The Ancestor of Every Mammal on Earth Laid Eggs. Here Is the Proof.

A fossil hunter found the embryo in 2008. He suspected what it was. He could not prove it. So it went into a drawer in a museum in Bloemfontein, and it sat there for 17 years while the technology needed to confirm his hunch was built on another continent.

In 2008, a fossil hunter named John Nyaphuli spotted a small nodule of rock in South Africa’s Karoo Basin. When he carefully removed the surrounding stone back in the lab, a tiny, perfectly curled skeleton emerged. His team suspected it was a Lystrosaurus embryo, still inside its egg. But they could not prove it, so the fossil went into storage at the National Museum in Bloemfontein and waited.

Seventeen years later, a synchrotron X-ray facility in Grenoble, France provided the answer. Published this week in PLOS ONE, the study delivers the first direct physical evidence that the ancestors of all mammals laid eggs, and a new explanation for how life rebuilt itself after the worst catastrophe in Earth’s history.

The Animal That Survived Everything

Lystrosaurus does not look like much. Roughly the size of a pig, with leathery skin, a turtle-like beak, and two downward-pointing tusks, it is not an animal that inspires awe. But it survived something that killed nearly everything else.

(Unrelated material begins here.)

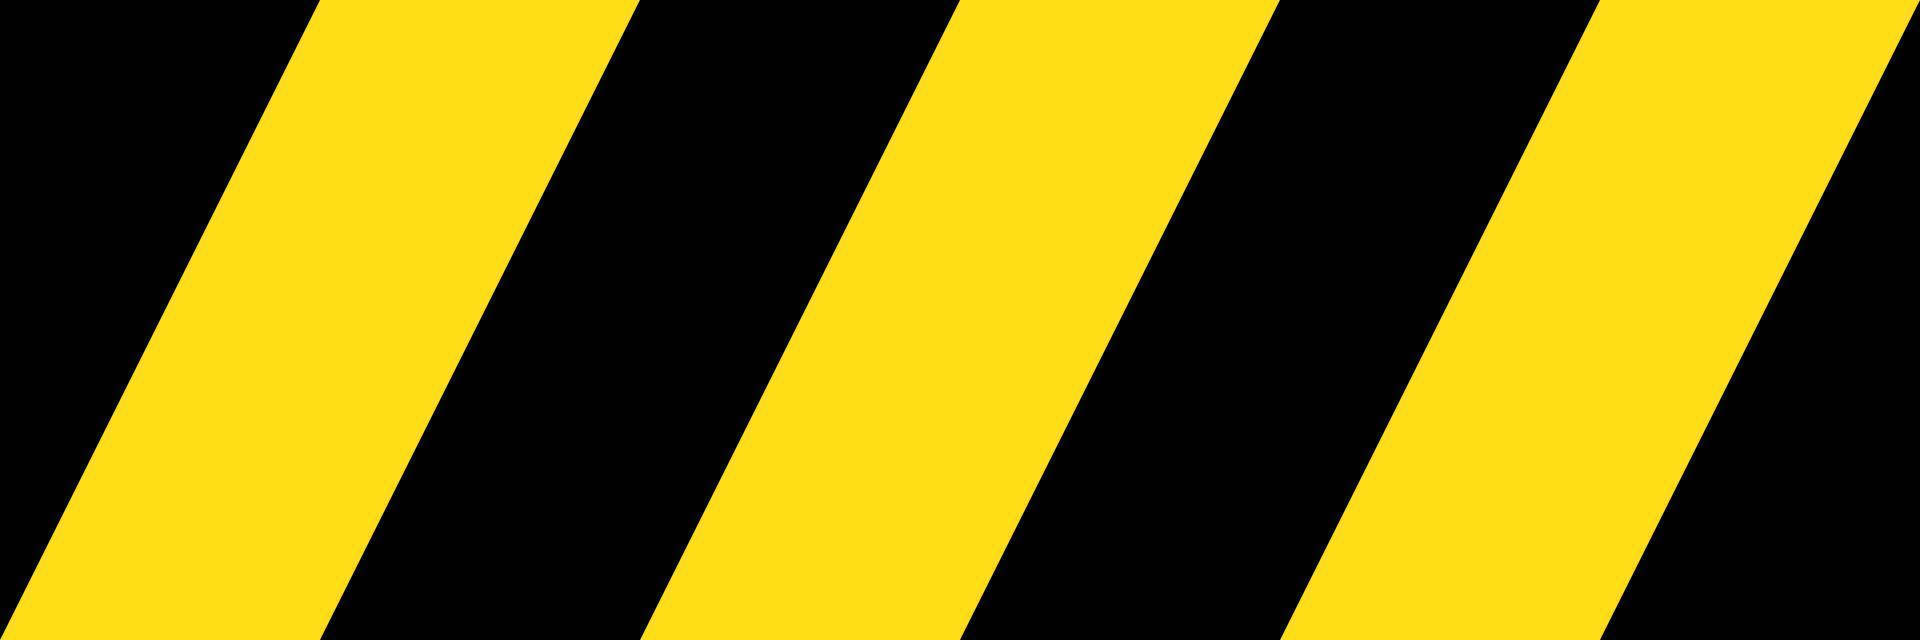 Yellow and black caution tape, barricade tape seamless striped pattern or texture. vector

L. hedini skeletal mount from the Natural history museum of Zürich Photograph by Rama, Wikimedia Commons, Cc-by-sa-2.0-fr

Around 252 million years ago, massive volcanic eruptions in what is now Siberia triggered a global catastrophe that eliminated an estimated 90 percent of all species on Earth. When it was over, Lystrosaurus did not just survive. It dominated. Fossils have been found on every major landmass, and for a period after the extinction it may have accounted for the majority of all land vertebrate individuals on the planet.

Scientists have long asked why. The new fossil offers part of the answer.

What the Scans Revealed

The key to unlocking the fossil was not finding a shell. No eggshell was preserved because Lystrosaurus likely laid soft, leathery eggs that decomposed rather than fossilised. That is precisely why no one had found evidence of them before.

What the synchrotron scans revealed instead was the embryo’s lower jaw. In vertebrates, the lower jaw is made of two halves that must fuse before the animal can feed itself. When Professor Julien Benoit examined the scans and saw that fusion had not yet occurred, the case was closed. The individual had died inside its egg, incapable of feeding itself. The curled posture confirmed it.

This settled a question palaeontologists had been asking since the first therapsid fossils were described in the 19th century. Egg-laying, not live birth, was the ancestral reproductive strategy for the lineage that eventually gave rise to every mammal alive today.

The Egg Was the Survival Strategy

Lystrosaurus laid relatively large eggs for its body size. In modern animals, larger eggs typically contain more yolk, providing all the nutrients an embryo needs to develop independently without parental feeding after hatching. This means Lystrosaurus almost certainly did not produce milk for its young.

In the context of a post-extinction world stripped of most of its species, that mattered enormously. Large eggs are also more resistant to drying out, a critical advantage in the drought-prone environment that followed the Great Dying. And the hatchlings that emerged were likely precocial, born at an advanced stage of development, capable of feeding themselves and evading predators from the start.

Fast development, early reproduction, and independence from birth. In a world where most of the competition had been eliminated and conditions were brutal, that combination was not just useful. It was the reason Lystrosaurus came to dominate the planet.

Technology Catches Up to the Question

The most striking part of this story is not what the fossil revealed, but how long it took to read it.

Professor Jennifer Botha suspected even at the time of discovery that the specimen had died within the egg, but they simply did not have the technology to confirm it. The fossil sat in Bloemfontein for the better part of two decades while the imaging tools needed to examine it were being built and refined on another continent.

This is increasingly how palaeontology works. Fossils are not always solved when they are found. Sometimes a specimen sits on a shelf, correctly suspected but unconfirmed, until technology catches up to the question.

Lystrosaurus sits on the direct evolutionary line that leads to every mammal alive today. The reproductive strategy it used to survive the Great Dying, large eggs, rapid maturation, precocial young, is the deep ancestral condition that eventually gave way to live birth and lactation hundreds of millions of years later.

Understanding this survival strategy is significant to better grasp how modern species might cope with the current sixth mass extinction.

The fossil that waited 17 years in a museum drawer turns out to be a 250-million-year-old lesson in how life endures.


Sources

The study “The first non-mammalian synapsid embryo from the Triassic of South Africa” by Julien Benoit et al. was published in PLOS ONE on April 9, 2026. DOI: 10.1371/journal.pone.0345016. Quotes in this article are drawn from press materials issued in connection with the publication.